AgentMethodThresholdAction
Crush SHA-256(tool_name + input + output) over last 10 steps >5 repeats in 10-step window Halt agent as stuck
DeerFlow Hash with 200-line bucketing for read_file, full arg hash for write/str_replace 3 warns, 5 hard stop Warn at 3, strip tool_calls at 5 (forces text output)
Hermes Trajectory tracking + summary convergence detection Diminishing new information RL training signal; proxy for being stuck
💡

Why Crush's approach is the most robust

Crushing calling the same tool with different arguments gets a different hash. Calling it with the same arguments but getting different output (e.g., flaky command) also gets a different hash. Only genuine repetition triggers the halt. This avoids false positives from legitimate iterative workflows like "read file, edit, read again to verify."

Security verdicts

🏆 Best shell security: Claude Code

Tree-sitter AST parsing, 23-point Zsh attack catalog, O(1) Set lookups, and explicit "defense in depth against future changes" comments. This is security engineering that anticipates attack vectors that don't exist yet.

🏆 Best pre-execution safety: Neovate Code

22-item banned list, quote-aware pipeline parser, high-risk pattern detection per pipeline segment. The most opinionated bash safety in this set — stops dangerous commands before they ever run.

🏆 Best supply-chain security: Hermes

SHA-256 binary verification + cosign provenance attestation. This is the only agent that verifies the execution binary's authenticity and integrity before running.

🏆 Best execution isolation: OpenHands

Docker container per session is the strongest isolation model in this set. The agent runs inside a container, not on your host machine. Files sync back, but processes can't escape.

🏆 Best prompt injection defense: Hermes

Two-layer scanning (context files + memory) with 6+ pattern categories. The memory layer is critical: it prevents cross-session injection propagation.

🏆 Best loop detection: Crush

SHA-256 signature hashing over tool_name + input + output with a 10-step sliding window. No false positives from legitimate iterative workflows.

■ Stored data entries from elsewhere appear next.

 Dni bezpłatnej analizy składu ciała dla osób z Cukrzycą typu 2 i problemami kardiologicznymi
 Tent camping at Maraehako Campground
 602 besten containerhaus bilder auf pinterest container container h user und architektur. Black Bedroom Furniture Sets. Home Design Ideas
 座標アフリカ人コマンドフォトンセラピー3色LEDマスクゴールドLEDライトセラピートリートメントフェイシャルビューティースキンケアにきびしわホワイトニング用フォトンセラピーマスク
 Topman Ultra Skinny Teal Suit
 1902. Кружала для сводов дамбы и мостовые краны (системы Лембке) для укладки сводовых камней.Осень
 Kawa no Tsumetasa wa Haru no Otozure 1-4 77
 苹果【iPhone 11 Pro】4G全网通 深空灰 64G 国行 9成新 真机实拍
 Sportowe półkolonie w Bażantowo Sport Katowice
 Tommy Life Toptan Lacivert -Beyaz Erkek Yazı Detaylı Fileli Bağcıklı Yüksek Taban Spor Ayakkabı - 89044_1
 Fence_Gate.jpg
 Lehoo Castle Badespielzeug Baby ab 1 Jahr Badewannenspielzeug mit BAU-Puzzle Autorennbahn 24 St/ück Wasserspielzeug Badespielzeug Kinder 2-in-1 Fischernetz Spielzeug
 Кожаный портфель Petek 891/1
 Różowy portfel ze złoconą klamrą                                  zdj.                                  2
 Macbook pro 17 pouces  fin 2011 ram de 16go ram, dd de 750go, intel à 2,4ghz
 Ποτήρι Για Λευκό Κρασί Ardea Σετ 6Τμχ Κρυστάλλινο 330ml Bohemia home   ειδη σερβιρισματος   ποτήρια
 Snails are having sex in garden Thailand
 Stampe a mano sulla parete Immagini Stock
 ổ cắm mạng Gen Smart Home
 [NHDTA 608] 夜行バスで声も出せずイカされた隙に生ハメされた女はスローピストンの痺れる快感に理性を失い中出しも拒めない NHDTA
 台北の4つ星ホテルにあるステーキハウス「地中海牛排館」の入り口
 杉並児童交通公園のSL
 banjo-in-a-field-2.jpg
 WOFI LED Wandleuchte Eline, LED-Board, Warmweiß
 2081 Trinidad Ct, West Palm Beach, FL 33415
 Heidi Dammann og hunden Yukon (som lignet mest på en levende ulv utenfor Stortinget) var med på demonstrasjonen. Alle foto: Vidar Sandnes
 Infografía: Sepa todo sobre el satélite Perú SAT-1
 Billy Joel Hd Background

What most agents are missing

Several security patterns appear in only one or two agents despite being broadly applicable:

Bottom line

The hallmark of a production-ready coding agent is not its prompt engineering, but its deterministic security scaffold. Claude Code and OpenHands represent the bleeding edge of different philosophies: Claude builds walls around the host machine, OpenHands isolates in containers.

Meanwhile, several agents (Pochi, Kimi CLI, Mux) rely primarily on trust and approval workflows rather than active defense mechanisms. This isn't necessarily wrong — for trusted environments, minimal friction is a feature — but it matters enormously when deploying agents on production infrastructure.